►

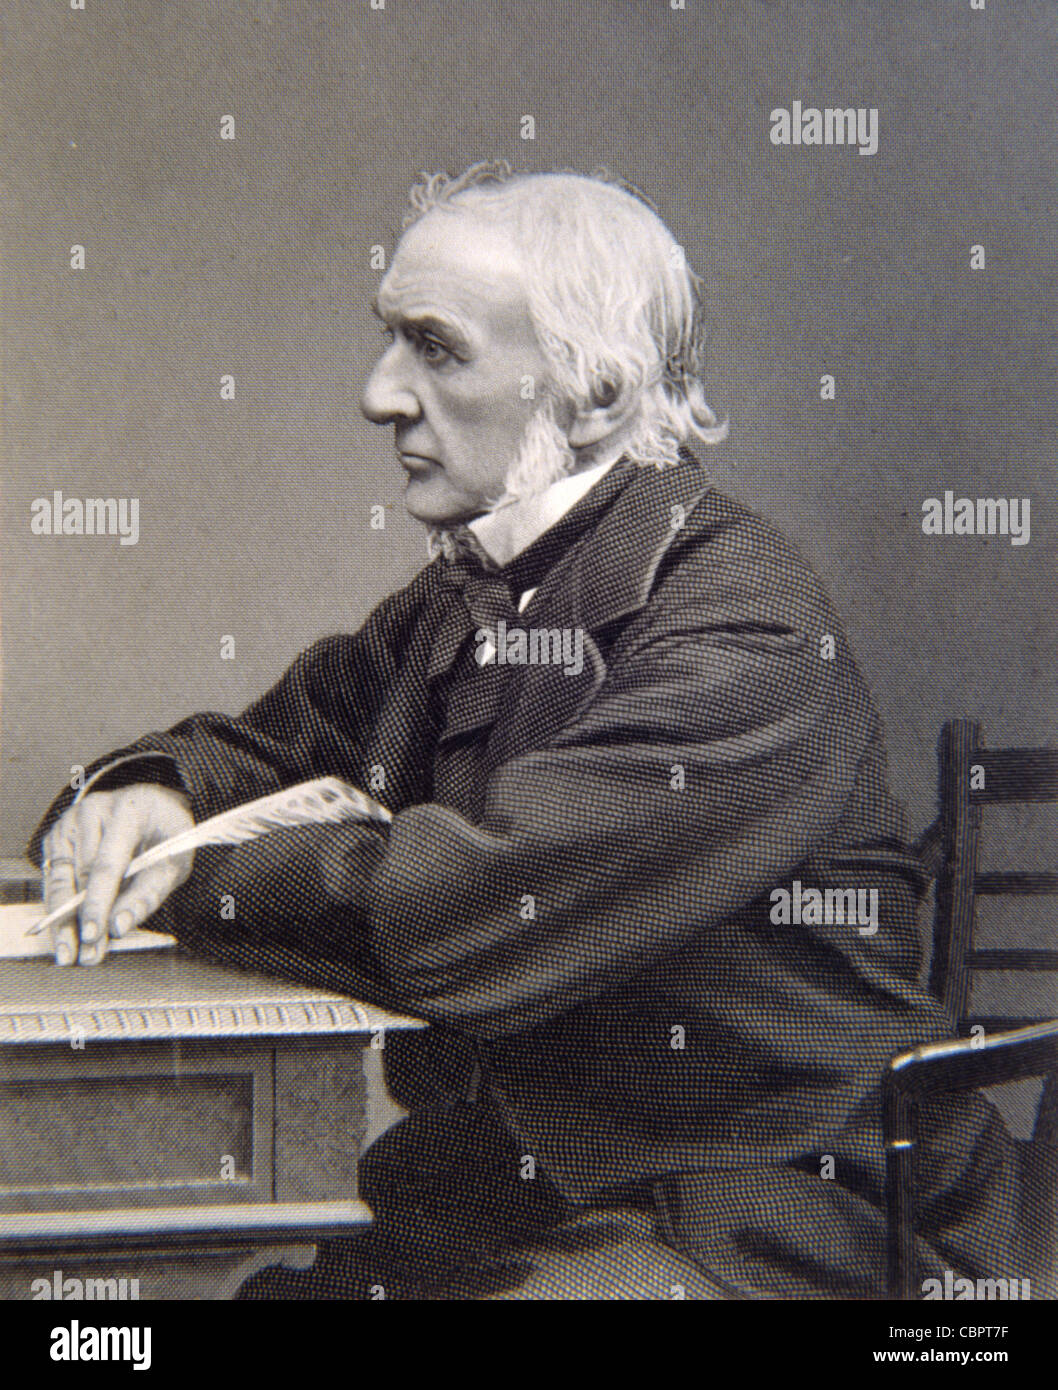 Portrait of William Ewart Gladstone (1809-1898) writing at Desk. British Prime Minister 1868-74, 1880-1885, 1886, 1892-94. c19th Engraving or Vintage Illustration Stock Photo
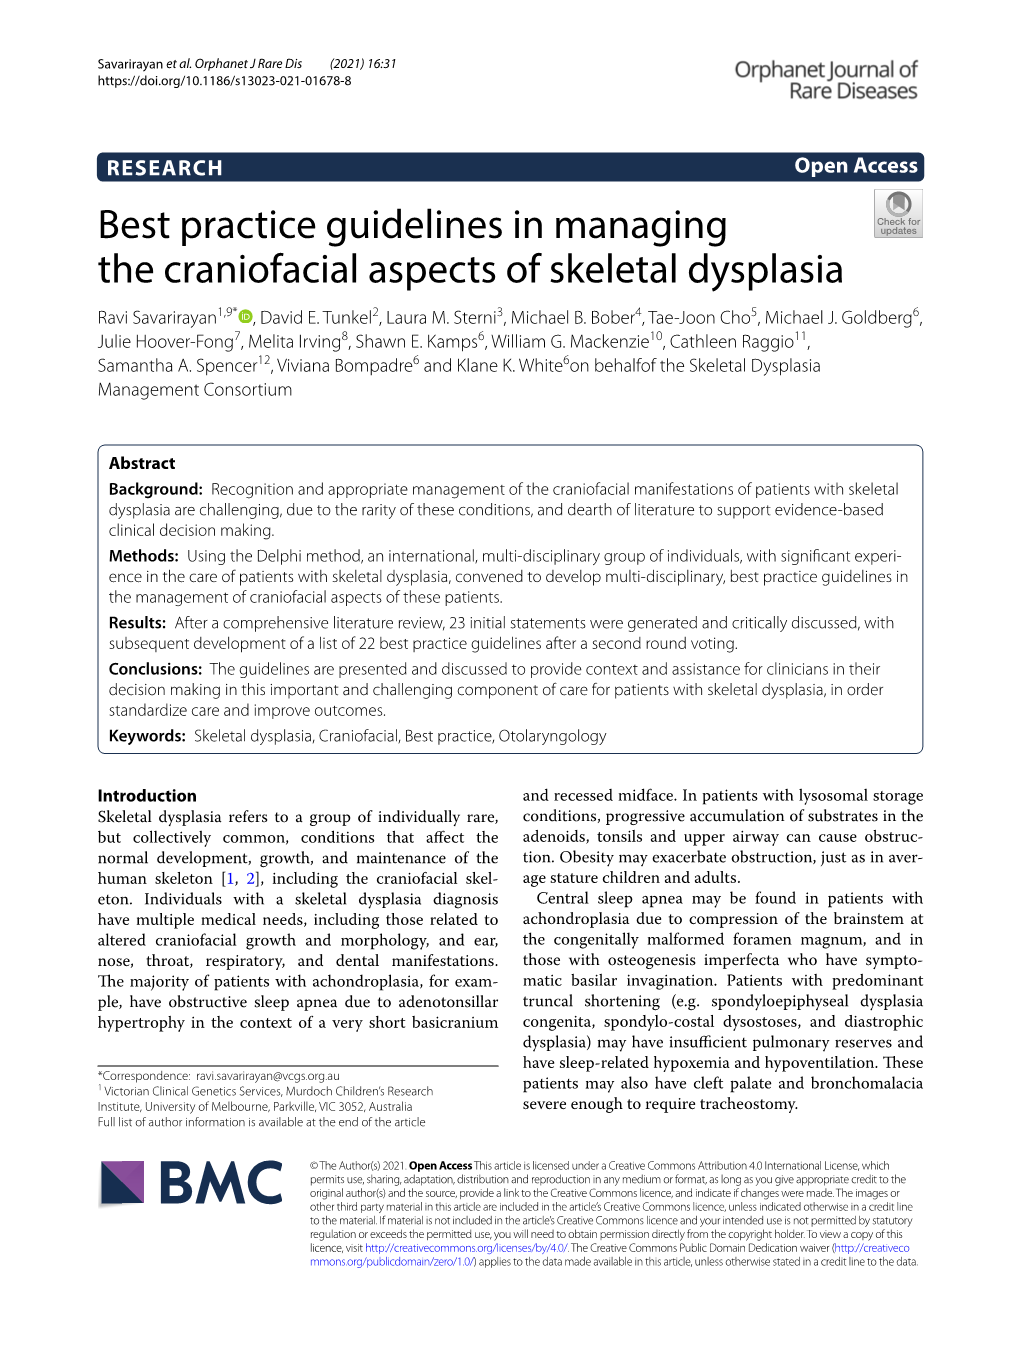 Best Practice Guidelines in Managing the Craniofacial Aspects of Skeletal Dysplasia Ravi Savarirayan1,9* , David E
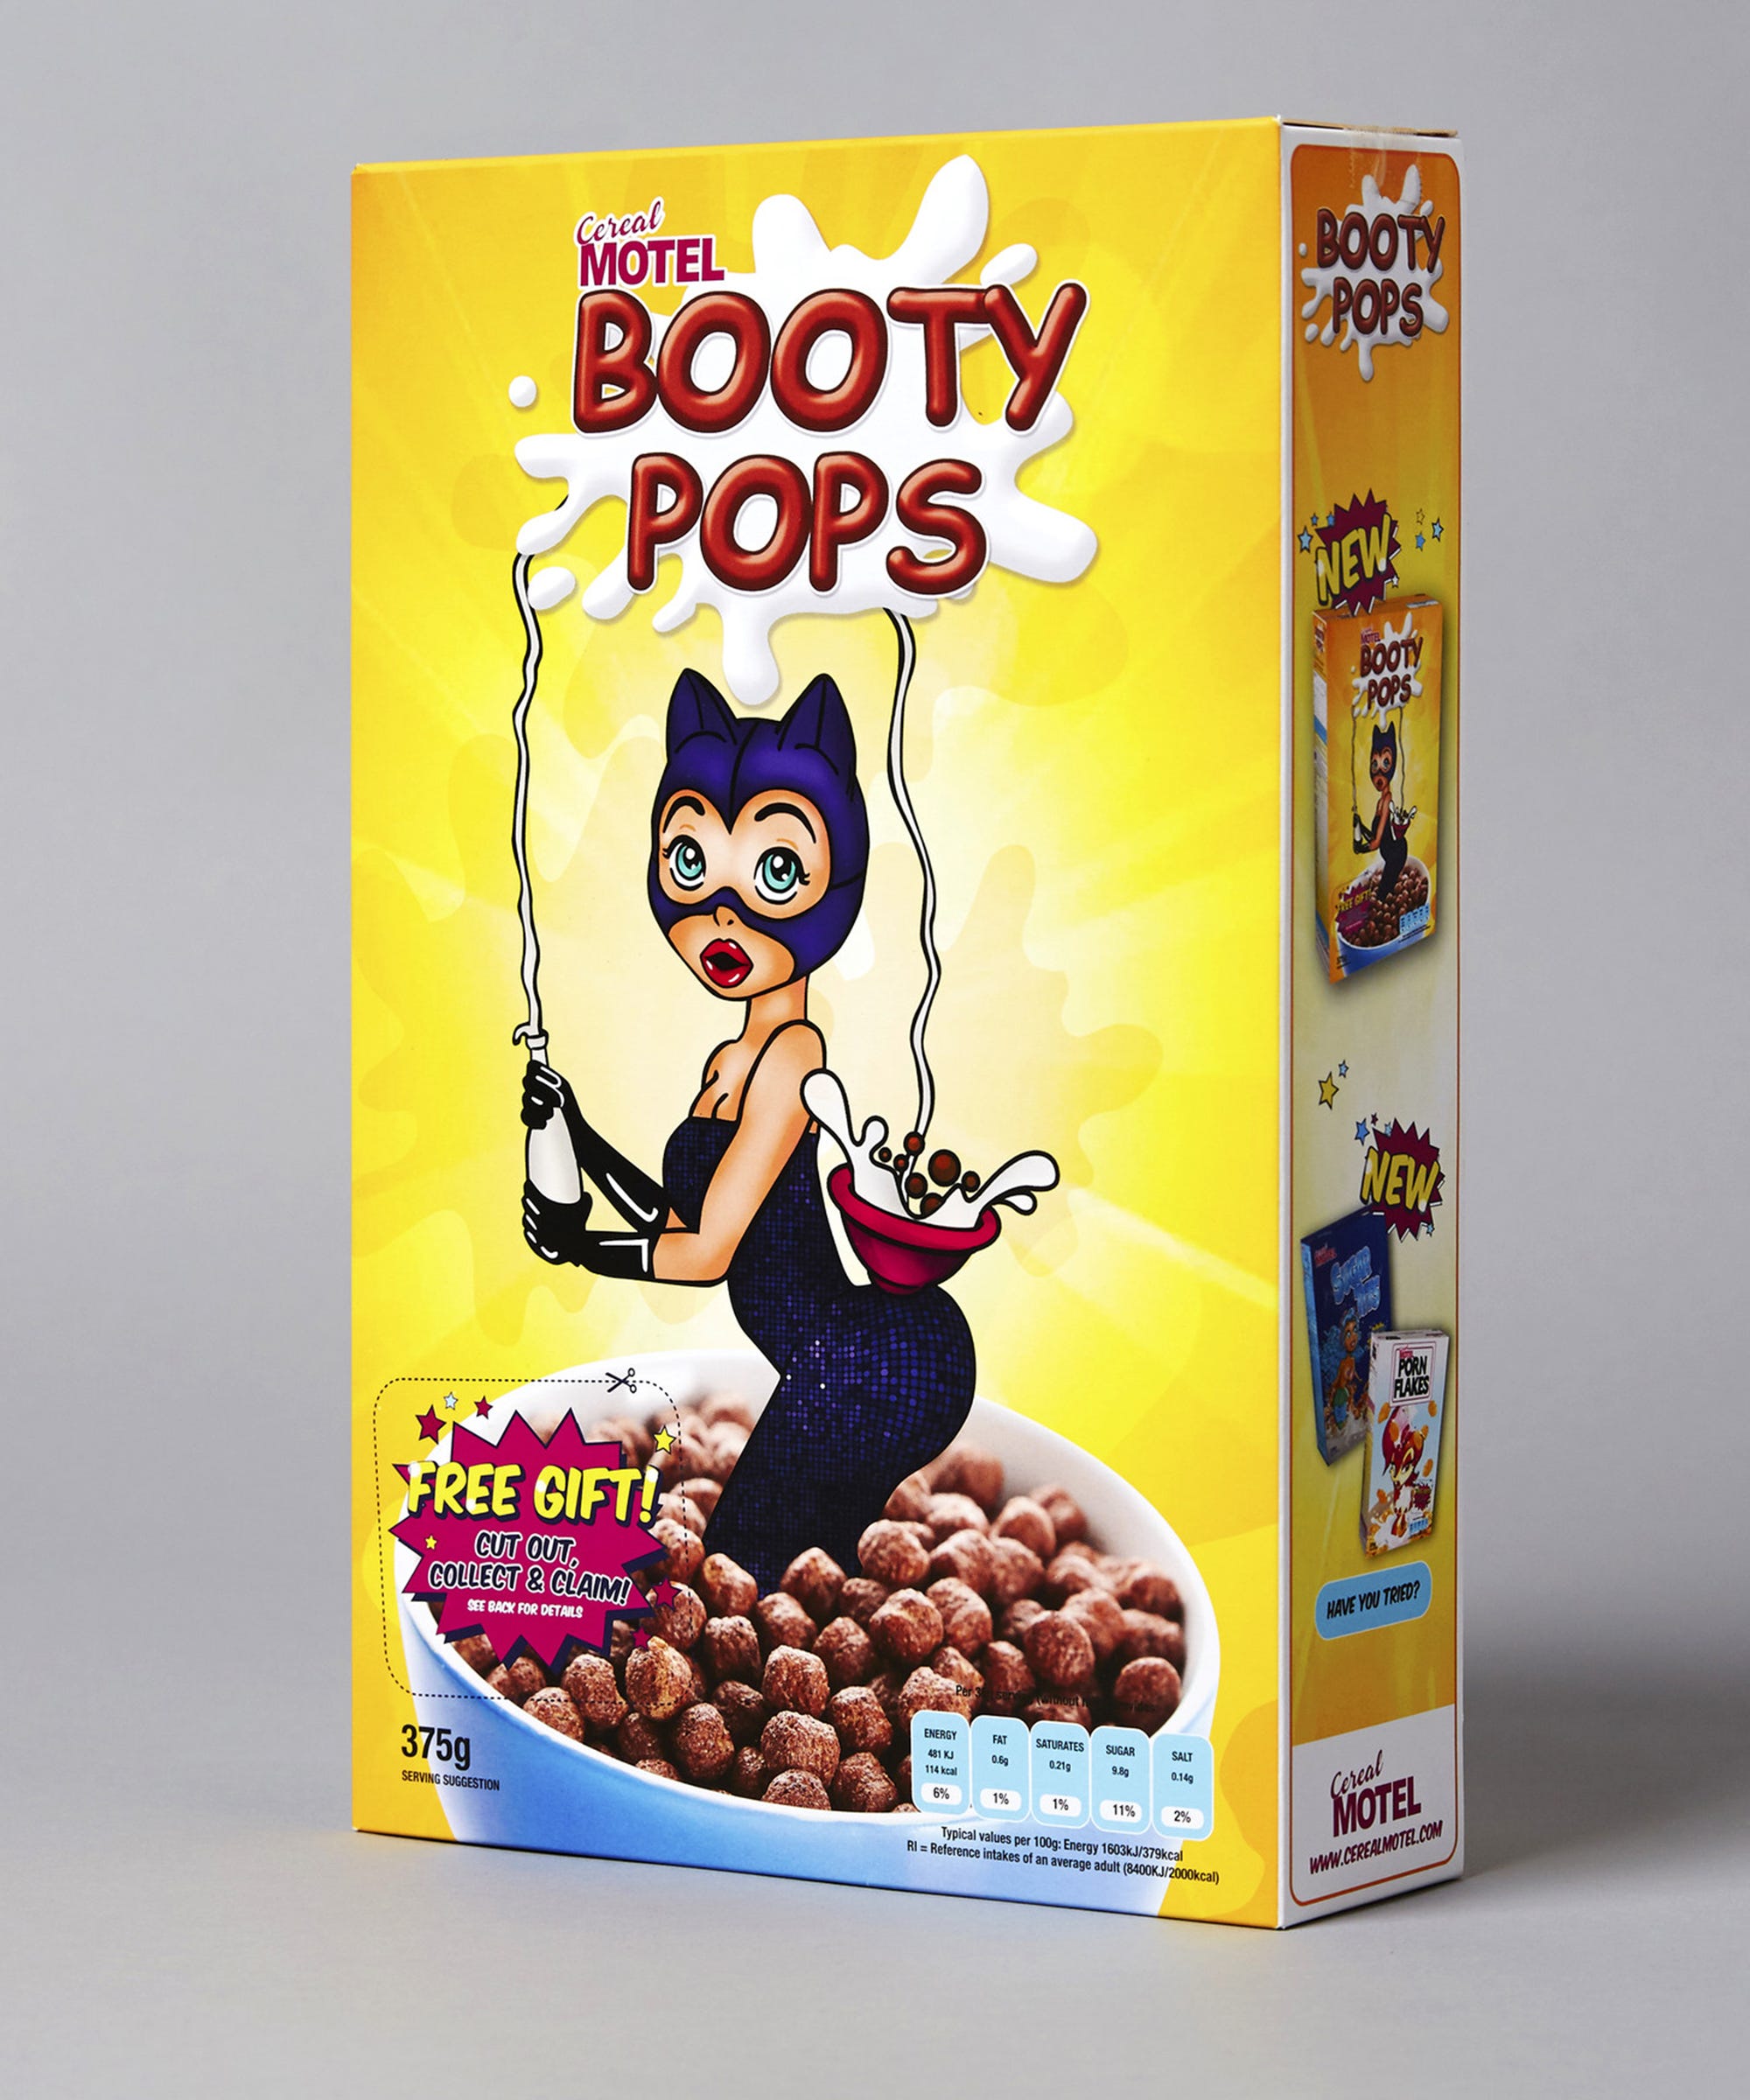 Adult XXX Food Porn Snacks - Sugar Tits Cereal Motel

◄

EXERCISE DETAILS: The lines from the one containing "Best Practice Guidelines" to the final line of the material, both ends included, should be retyped exactly and alone, with no pictures.

TASK SOLUTION:
 Best Practice Guidelines in Managing the Craniofacial Aspects of Skeletal Dysplasia Ravi Savarirayan1,9* , David E
 Adult XXX Food Porn Snacks - Sugar Tits Cereal Motel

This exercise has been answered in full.